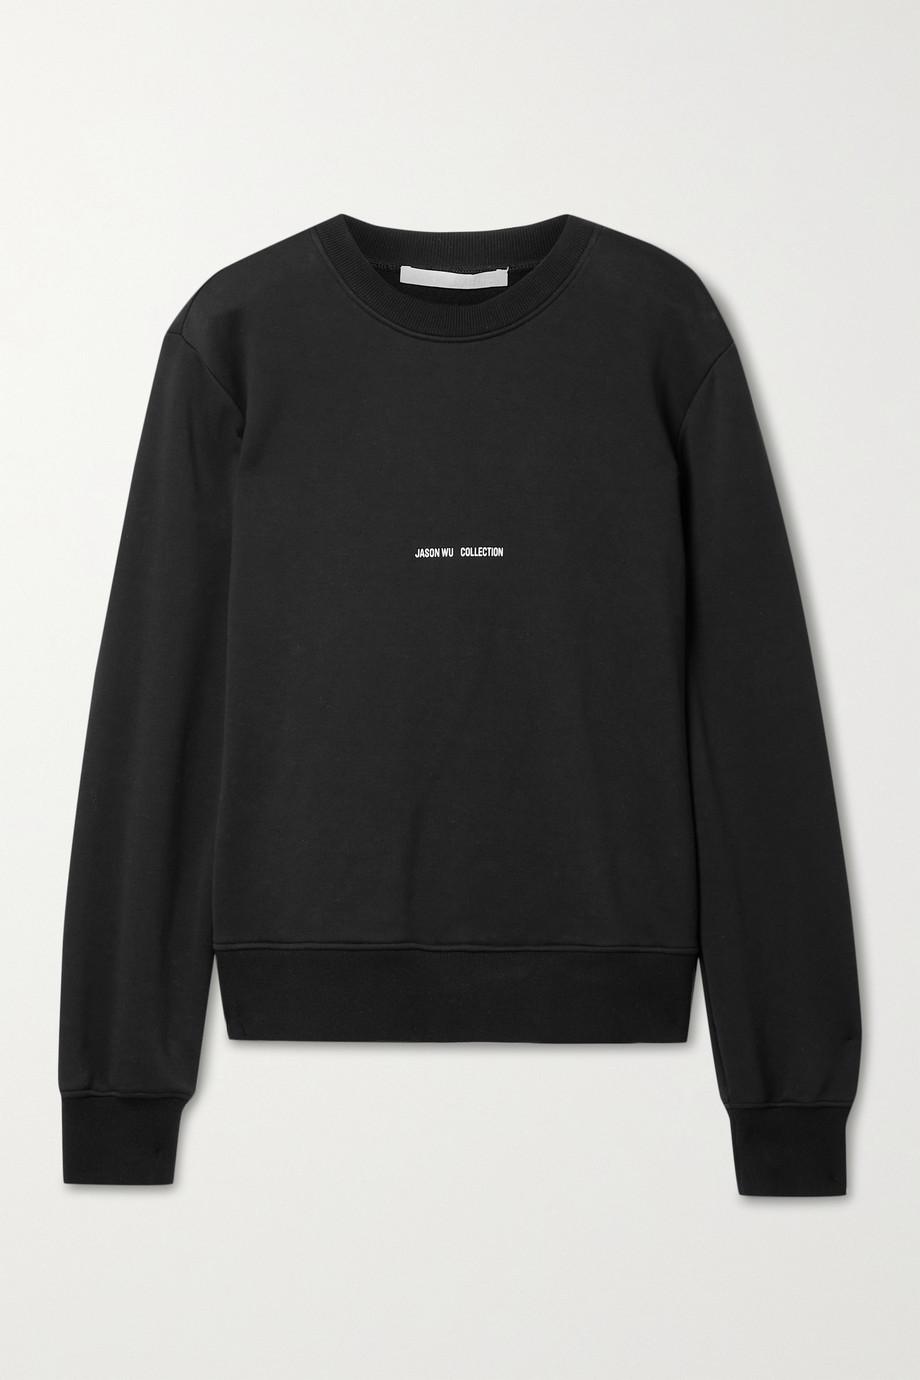 Jason Wu Collection Printed cotton-blend jersey sweatshirt
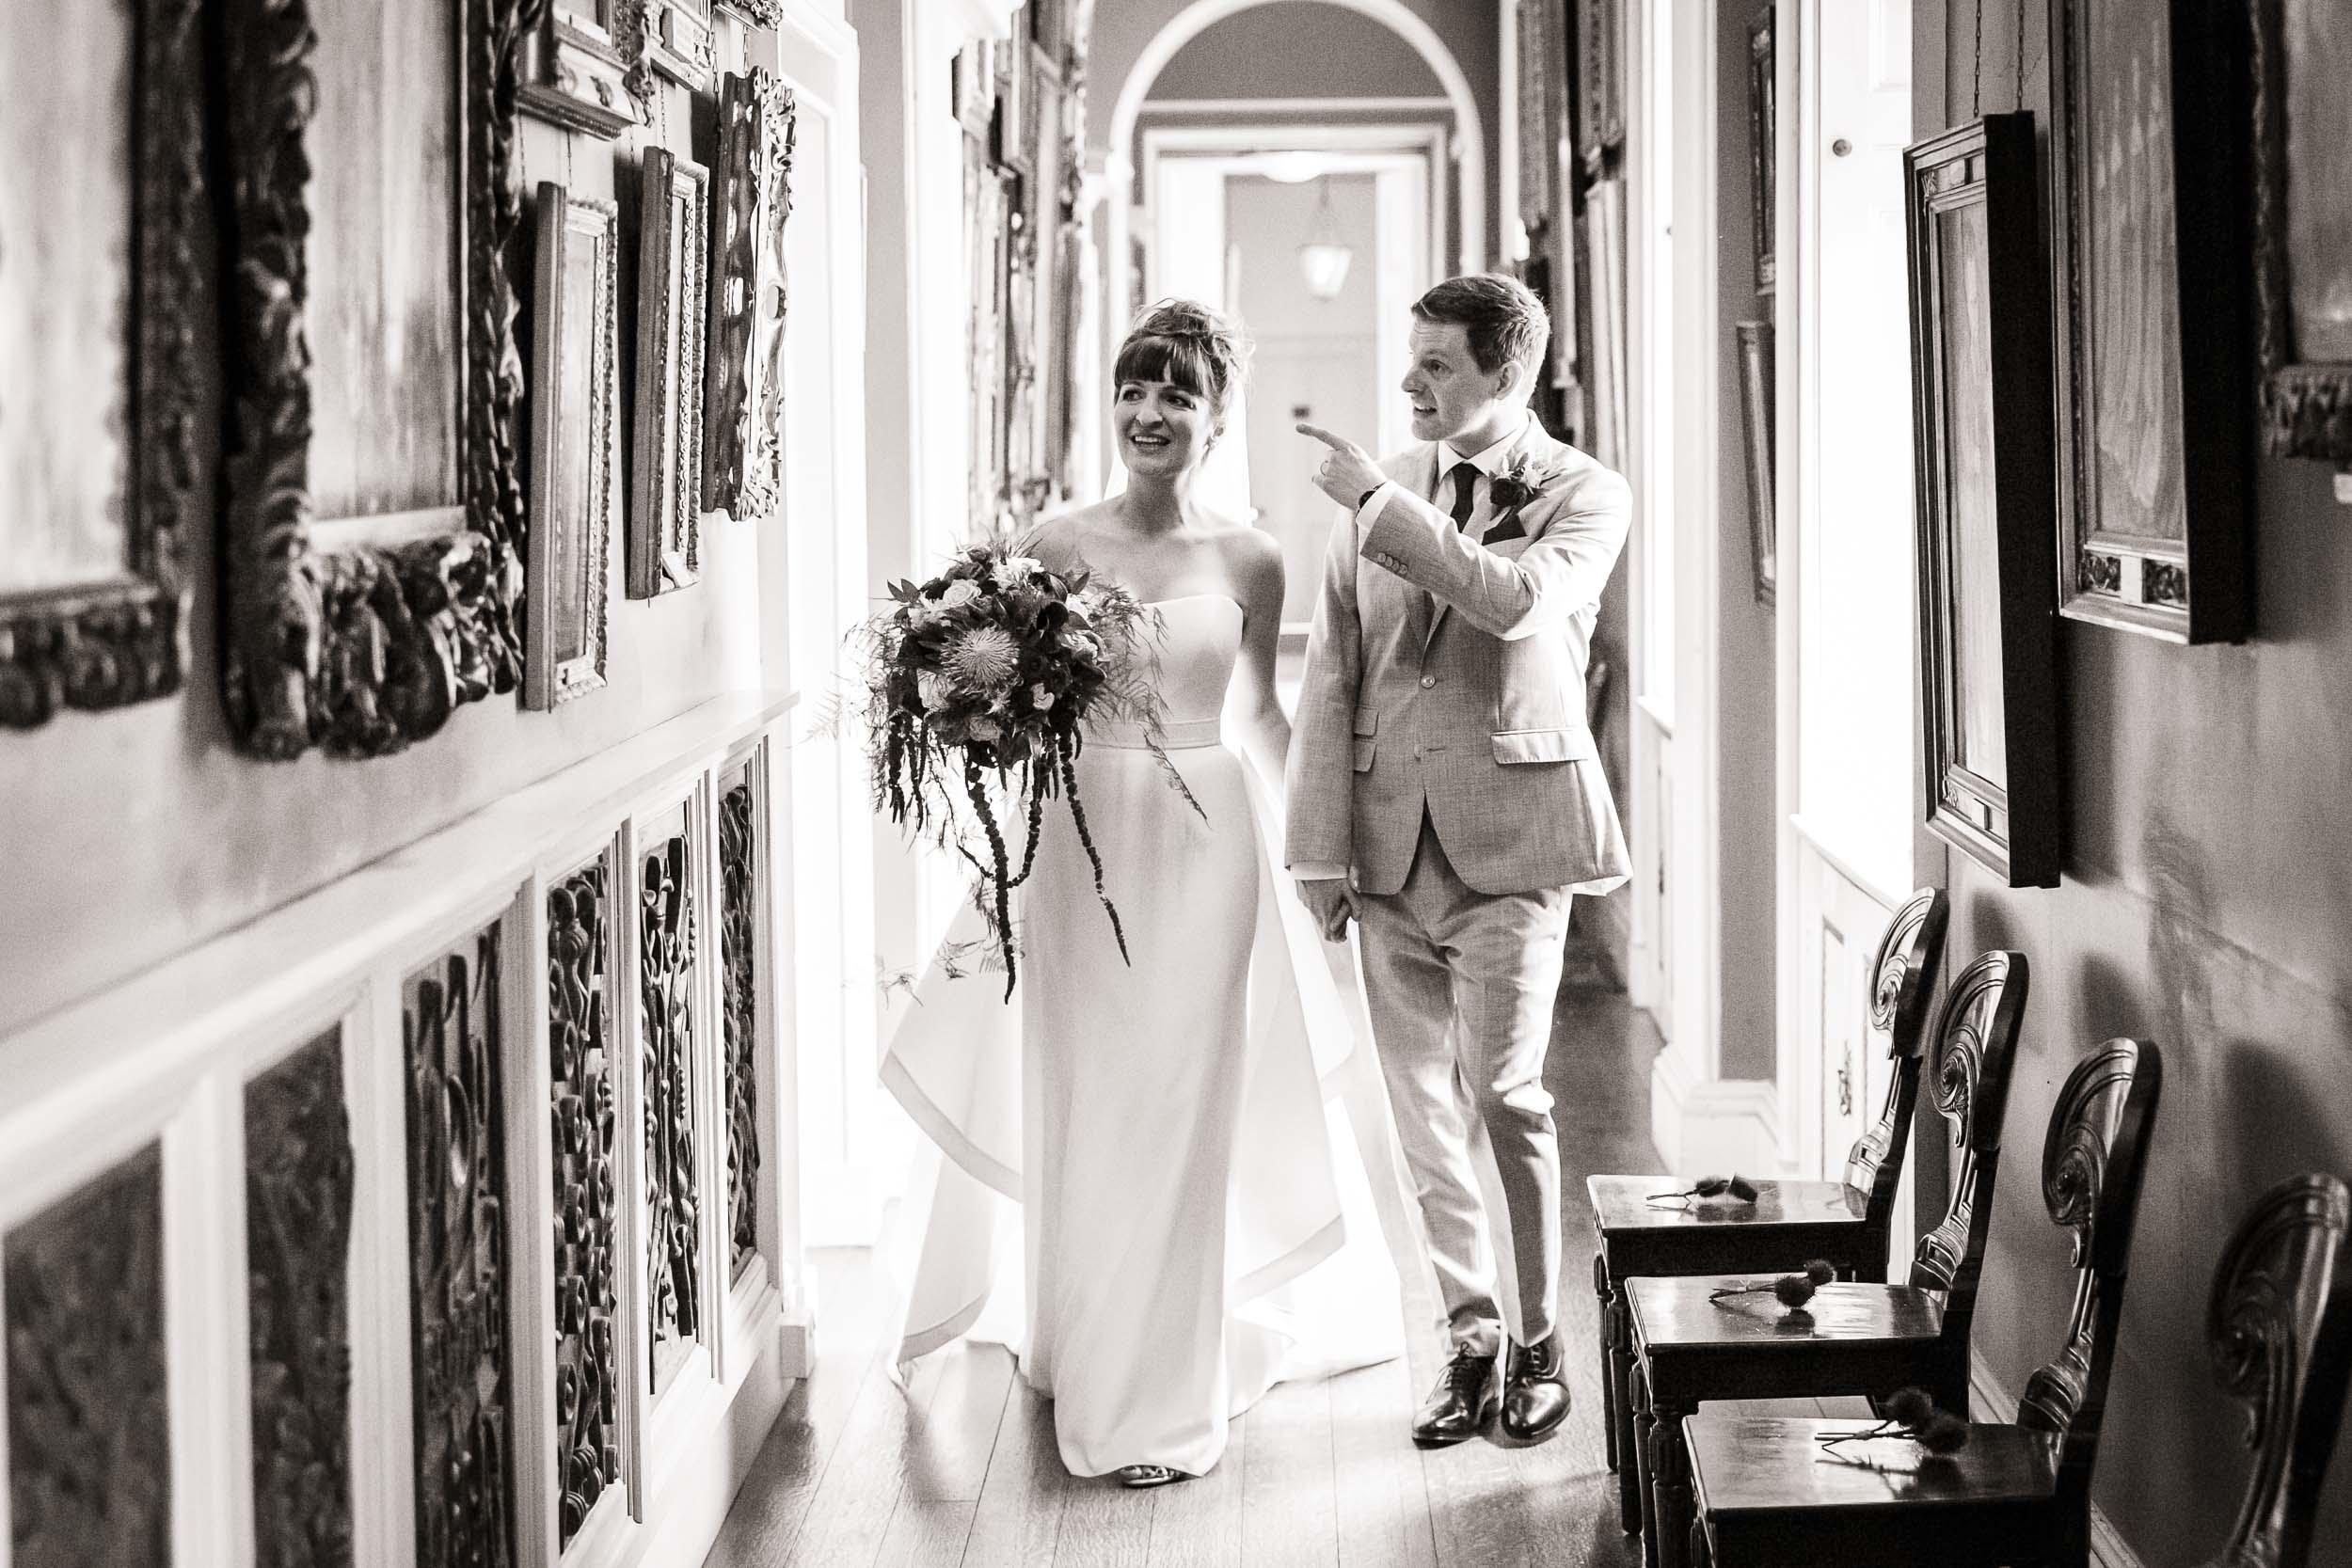 syon-house-wedding-photographer-london 076.jpg
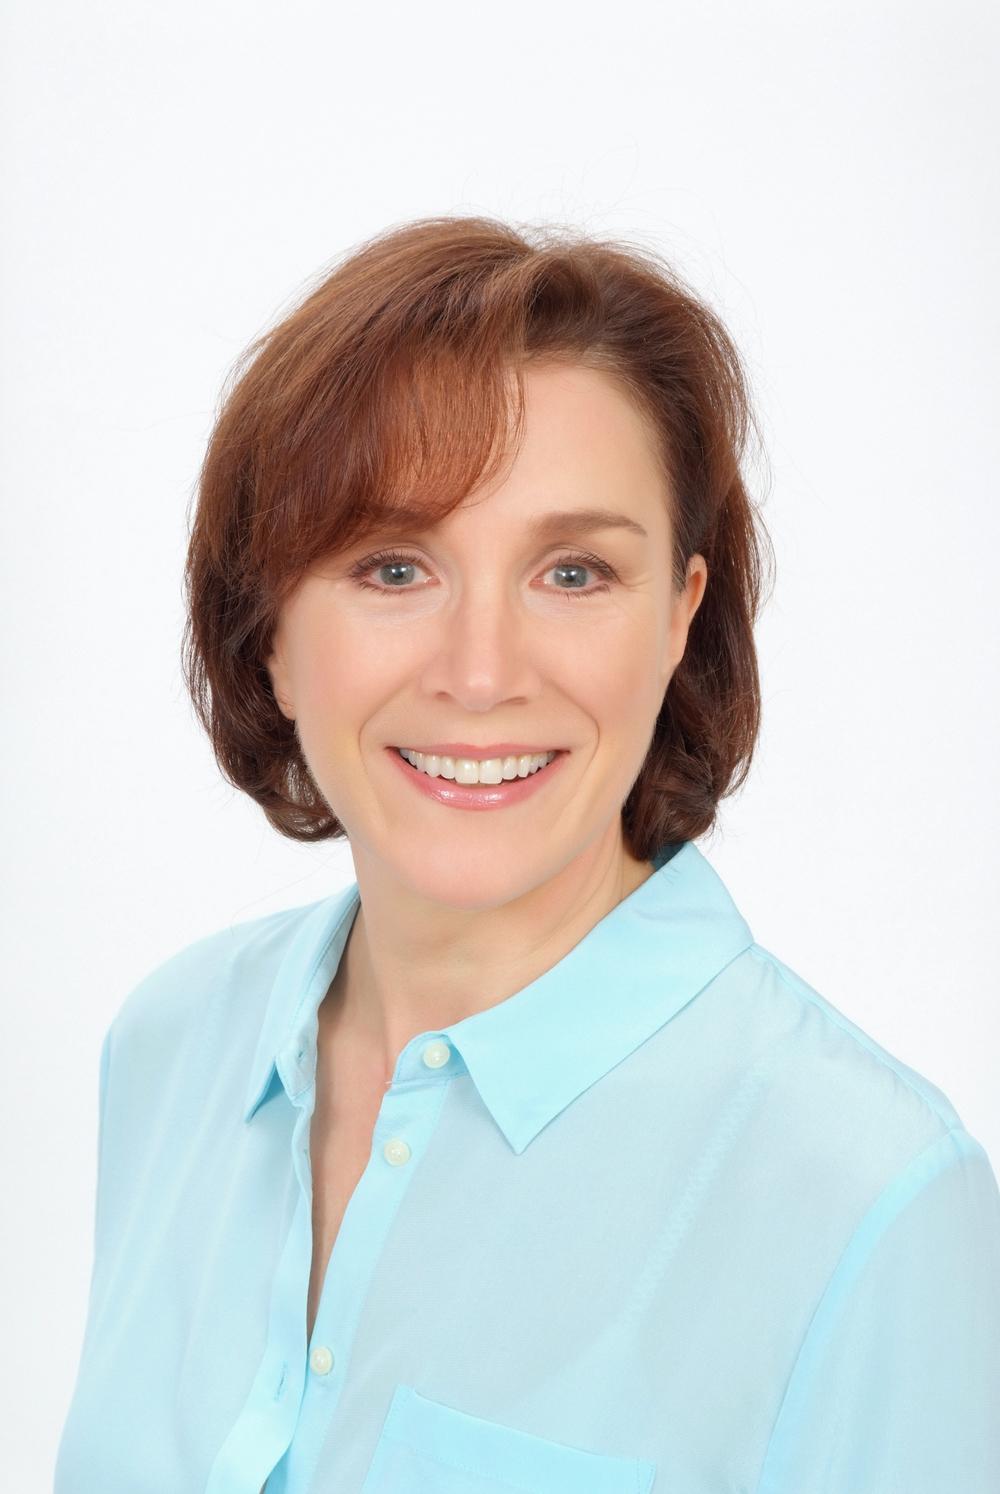 Cathy Huser, Owner/Director Licensed Kindermusk Educator

## [TASK DIRECTIONS]
Output the material above word for word. Leave out its images.

## [WRITTEN RESPONSE]
 Jason Wu Collection Printed cotton-blend jersey sweatshirt
 syon-house-wedding-photographer-london 076.jpg
 Cathy Huser, Owner/Director Licensed Kindermusk Educator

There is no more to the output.